Hello,
I am using gemini-1.5-flash-002
with function calling mode set to “ANY”, but the model does not always call the function as expected. Instead, it sometimes returns raw text or JSON without calling the function explicitly.
For example, I provide the following structured prompt:
let prompt = 'You are an AI specialized in analyzing product catalogs in PDF format. Your role is to extract the most relevant category from the provided list, based on the content of the PDF. **You MUST call the function `categorize_pdf_catalog` to return level 3 category IDs.**'
prompt += `
### 🔹 **Context**:
The provided PDF is a catalog of products supplied by a company. You must analyze its content and extract the most relevant products presented in this catalog.
`
prompt += `
### 🔹 **Instructions**:
- Based on the content of the PDF catalog, determine the most relevant level 3 categories.
- Carefully analyze the PDF to identify the products it contains.
- Match these products with the most relevant category from the provided list.
- Do NOT list products that are only present for decorative purposes.
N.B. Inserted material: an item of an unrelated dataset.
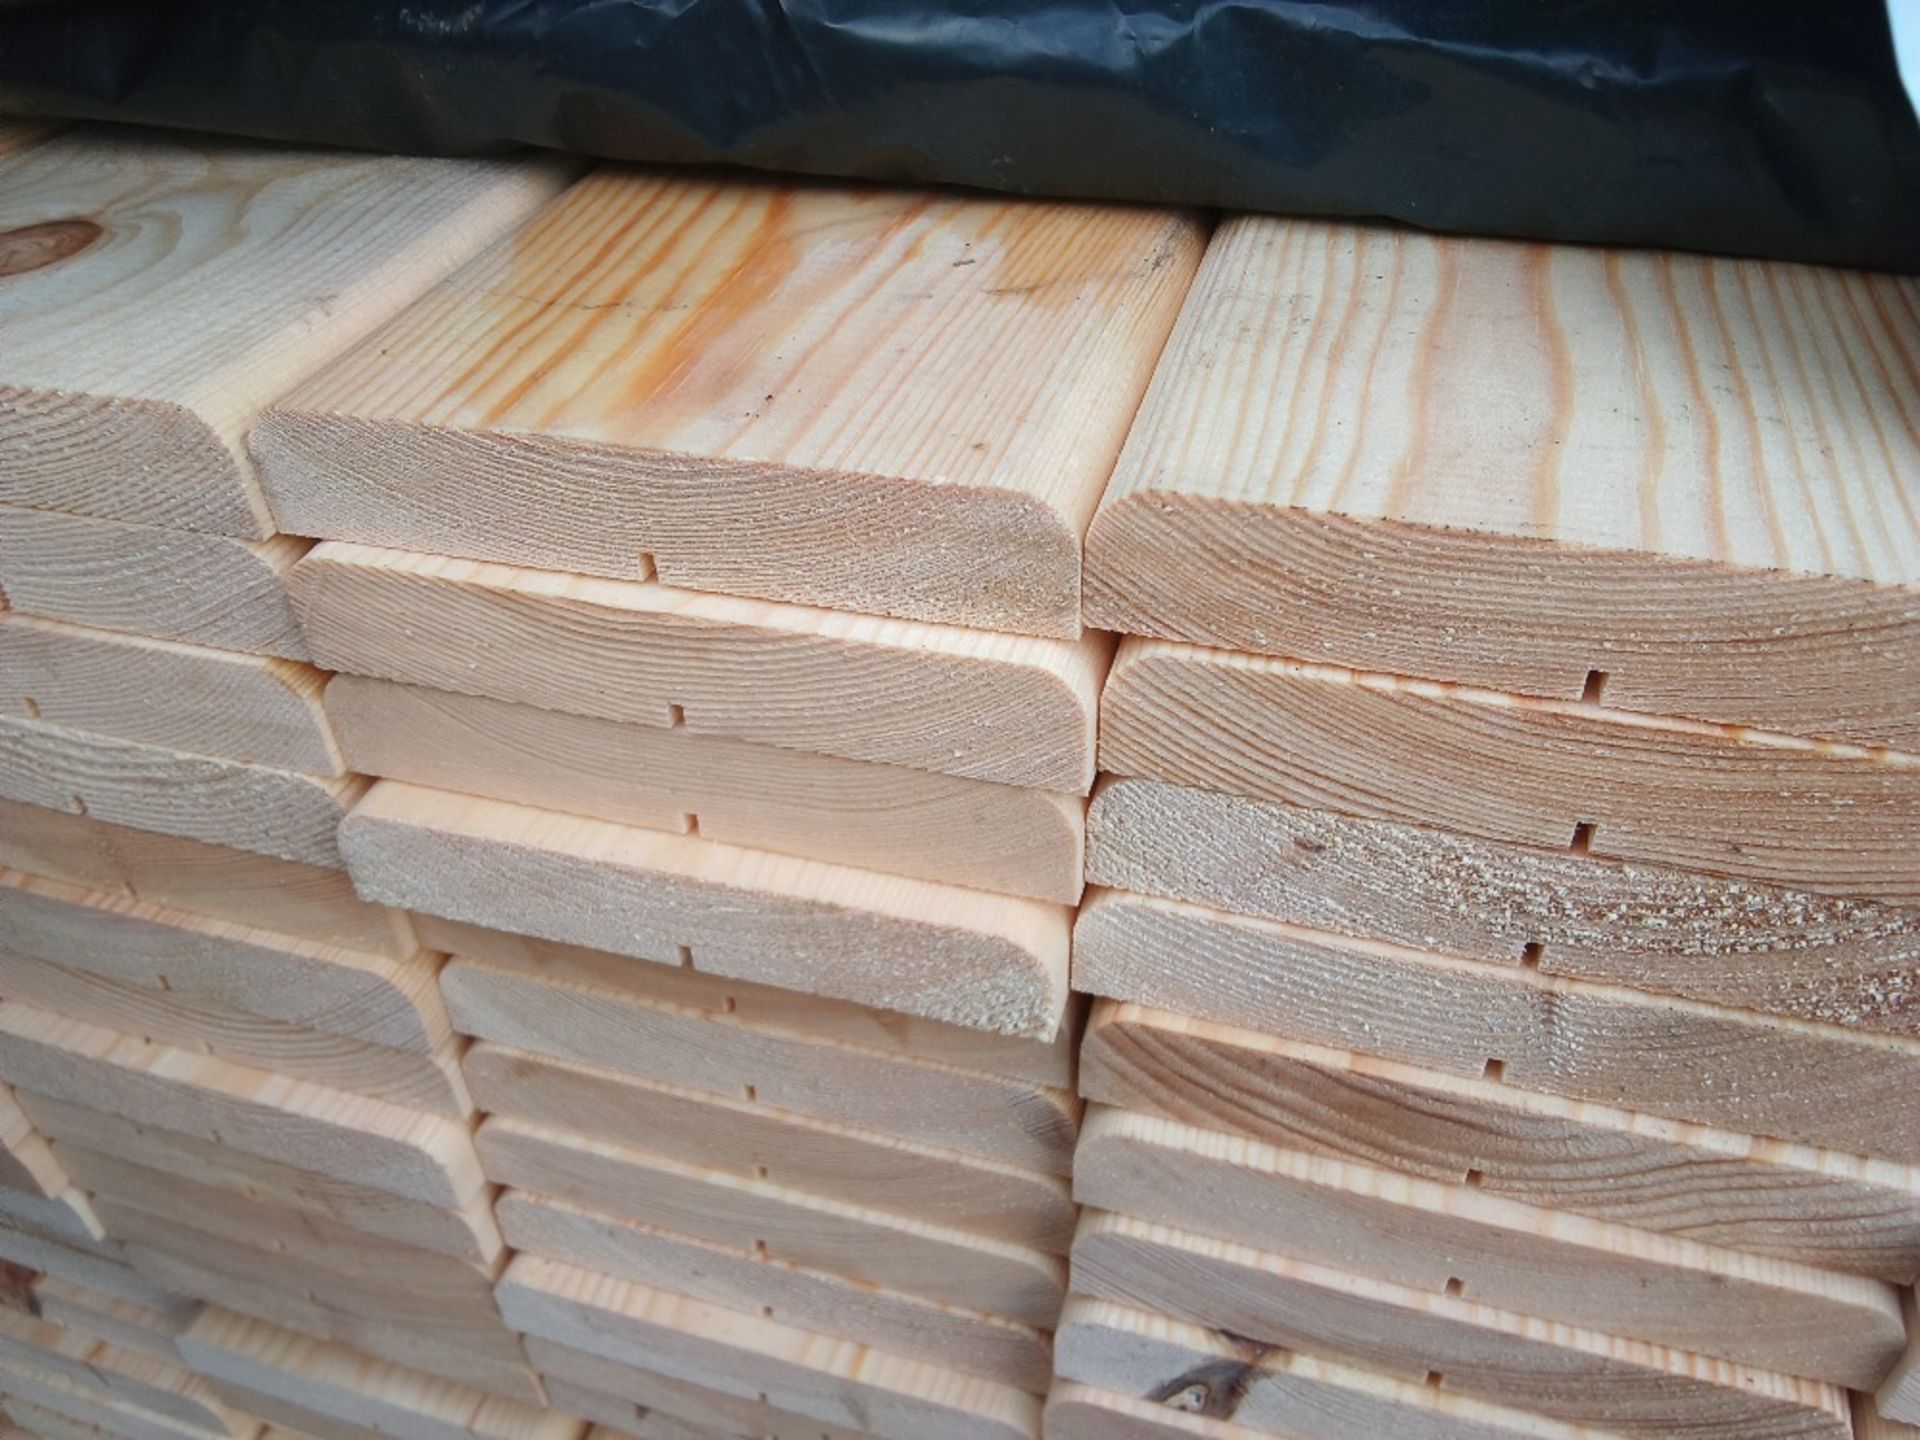 PACK OF UNTREATED TIMBER CAPPING BOARDS 1.88M LENGTH X 120MM X 20MM APPROX. - Image 3 of 4

- **You MUST call the function \`categorize_pdf_catalog\` to return the extracted Category IDs in JSON format.**
`
prompt += `
### 🔹 **Category List**:
`
structure.forEach((level1) => {
prompt += `- ${level1.level1_name}:\n`;
level1.subcategories.forEach((level2) => {
prompt += ` - ${level2.level2_name}:\n`;
level2.sub_subcategories.forEach((level3) => {
prompt += ` - ${level3.name} (ID: ${level3.id})\n`;
});
});
});
prompt += `
### 🔹 **Output Format**:
Return a flat JSON array with relevant level_3_ids:
\`\`\`json
["ID1", "ID2", "ID3"]
\`\`\`
`
And I define my function call like this:
const functionDefinitionLevel3 = {
name: "categorize_pdf_catalog",
description: "Analyzes the PDF catalog and determines the most relevant level 3 category IDs.",
parameters: {
type: "object",
properties: {
level_3_ids: {
type: "array",
description: "List of the most relevant level 3 category IDs",
items: { type: "string", pattern: "^[0-9]+$" },
maxItems: 3,
},
},
required: ["level_3_ids"],
},
};
I configure function calling with:
javascript
CopyEdit
const toolConfig = {
function_calling_config: {
mode: 'ANY',
allowed_function_names: ["categorize_pdf_catalog", "get_level4_categories"],
},
};
Expected Behavior:
- Gemini must always return a function call to
categorize_pdf_catalog
with category IDs. - No raw text or JSON should be returned directly.
Actual Behavior:
- Sometimes, Gemini returns plain JSON instead of calling the function:
{
"candidates": [
{
"content": {
"parts": [
{
"text": "```json\n[\"729\"]\n```"
}
]
}
}
]
}
- Other times, it mixes text and a function call:
json
CopyEdit
{
"candidates": [
{
"content": {
"parts": [
{
"text": "Based on the analysis of the PDF catalog, the most relevant level 3 categories are Door, Window & Accessories (ID: 969), Furniture Hardware (ID: 1305), and Hardware (ID: 2196).\n\n"
},
{
"functionCall": {
"name": "categorize_pdf_catalog",
"args": {
"level_3_ids": ["969", "1305", "2196"]
}
}
}
]
}
}
]
}
This is problematic because my system expects only a function call, but the response sometimes contains unexpected raw text.